We have two very large variables, one is in RAM1 [fftout], the other is in RAM2 [fmask]. So if we cut one of them in half, we still have the other array which has the large size and fills up one part of the RAM. So I do not think its worth coding a MONO version, what do you think?

I am not sure about where to put the IRs. Maybe for the T4 (no SD card!) hardcoding a nice selection of useable IRs in FLASH is sufficient for a on-stage-realtime-version of the guitar cabinet simulator? However, for the T3.6, you are right, using SD card would be useful. Maybe I will test whether the code will run on the T3.6 and how many max taps it can use . . .
Hi Frank: Since I wasn't the one who wrote the code, I neglected to think about 1) the filter mask has to be the same size, mono or stereo and 2) that the memory was in 2 distinct blocks (although I only finished my Soundfont synthesizer project a month ago, and had to do the same juggling to get all of its large arrays to fit in using DMA memory). So, you are right, of course, if one went to Mono & tried to increase the number of taps further, the complex filter mask would be the biggest array and would still be in the DMA block. But, if you moved a few of the other DMAMEM arrays out into the "normal" sram, it would free up space in DMAMEM for a larger filter mask. Since FFTout should only be 1/2 the size, due to only 1 channel, I think maybe one could increase the tap size significantly, but not double as I assumed. The other consideration here is that if your routine was made into a Teensy library, the chances are good that other users would want to add other audio library function blocks to the program, for other features. At that point, audio block memory would need to increase. So, if for no other reason, if you went to Mono, the shrinking of the FFTOUT array by 2 would free up some space in "normal" sram for use by the library Audio blocks.
The IR storage is the other issue. Right now your .h files have the IR array as constants, so they should reside in program flash. You are only loading one of them now, so the space taken up by the others is not used now. I had loaded your 08/11/2019 version from Github- when I compile it, it uses only 105,120 bytes of Flash. So, you could easily add many more IR .h files without filling up the 2 Meg program flash. I know that the T4 transfers the program itself from program flash to sram, at bootup. I would assume that any constants in program flash would also get transferred to sram too, BUT I AM NOT CERTAIN OF THIS. Your 08/11/2019 version, which includes only 1 fixed filter mask of 16384 (Marshall 197 impulse response from takes 386,640 bytes of sram. I don't know whether the 386640 figure includes the IR constants or not. If it does, you wouldn't be able to store many IR files in Flash at once, without overflowing the sram once they were transfered (assuming that they are transferred from flash to sram).
That is why I like the SD card route. People using the routine as a library object might not want to go into the library code to specify which .h file to use, or for that matter, want to translate an off-the-shelf IR WAV file into a form that would be suitable for a .h file. The demo program that I wrote for my convolution library will accept an IR file in WAV format, and import it directly into the coefficient array ( although my demo only read in 513 taps (strictly speaking you need FFT/2 + 1 samples for an FIR filter).
Even though the T4 doesn't have the SD card built in, it has the IO pins needed to add an SD card. Also, the Audio Shield itself has an SD card socket on it, and chances are most people, including myself, use that for the CODEC.
That said, if one could fit 1.5+ MB of IR files into T4 program flash, and if constants are not transferred to sram on bootup, then your method has a lot of advantages.
I have been playing around with the code a couple of days on two hardware setups:

* T4 and DAC PCM5102a & ADC PCM1808
* T3.6 and Teensy audio shield rev B

I have also tried T4 and the Teensy audio shield, but I failed again in getting this setup to run, I get drizzle noise again in all situations.

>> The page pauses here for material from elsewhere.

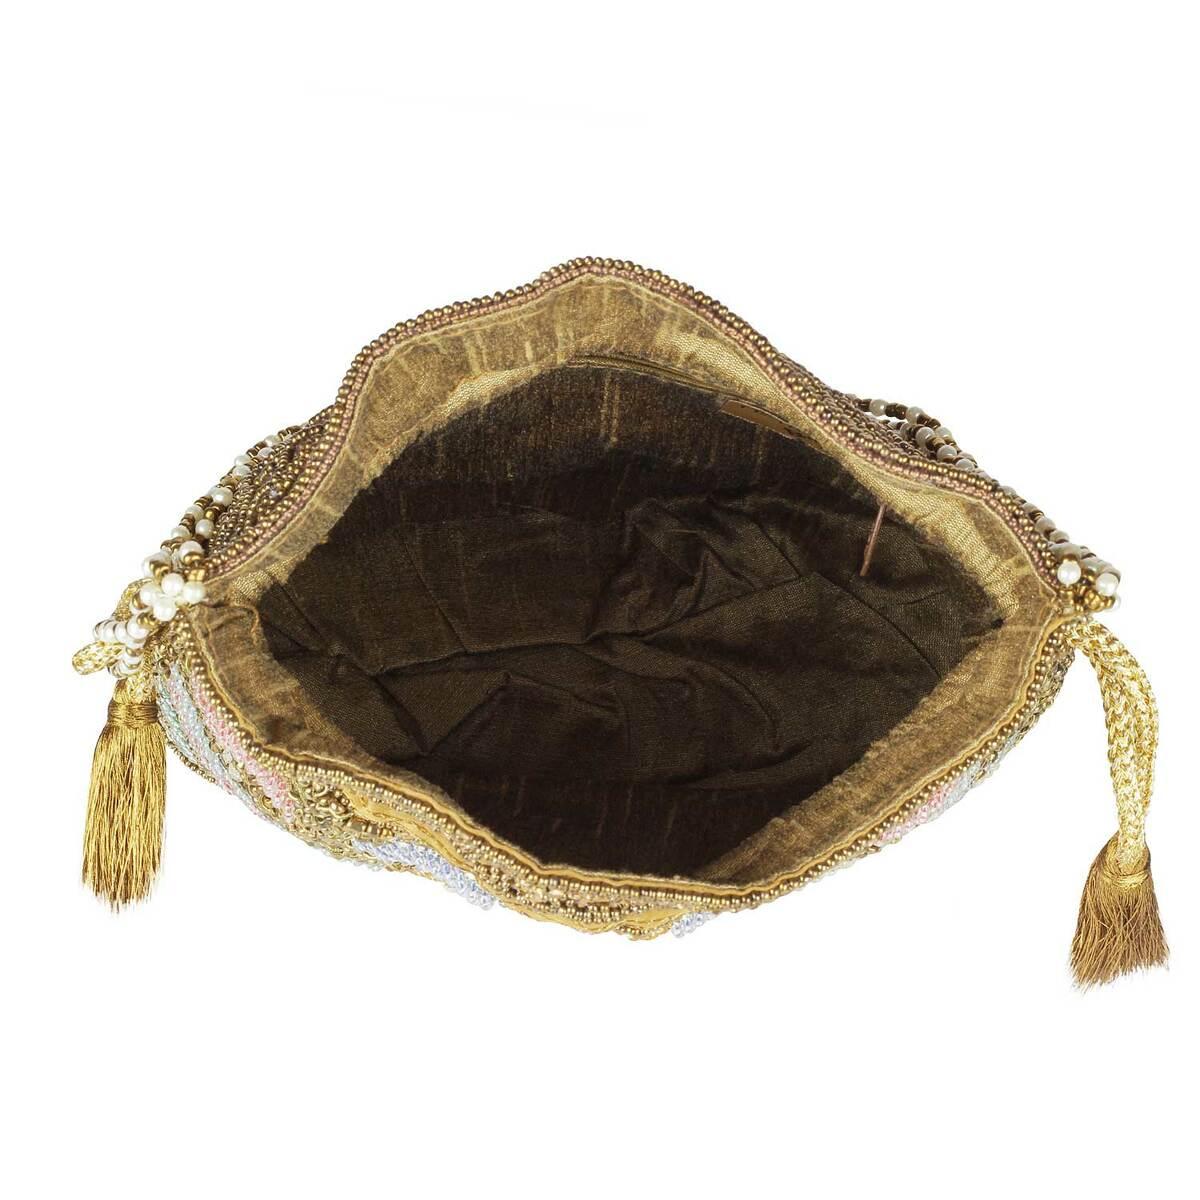 la terre fashion black and gold fringe purse | Fringe purse, Gold fringe,  Black fashion

Also, now even in the T3.6 and the Teensy audio shield I cannot find a configuration that is satisfying, I always get drizzling noise/artefacts. I already soldered a 100 Ohm resistor into the MCLK line on the audio shield itself, but still the problem is not solved, although I use proper 1cm headers to connect T3.6 and my audio shield. (Yes, I use a stereo microscope for soldering and checking all solder connections ;-))

I begin to think I have a faulty Teensy audio shield, maybe . . .

The good thing is, that I found out that the code also can run on the Teensy 3.6 for IRs up to a length of about 7552 taps.

With the T4, it can now process IRs with a length of up to about 24000 taps, that is a little more than 500msec and has a processor load of 50% with that length.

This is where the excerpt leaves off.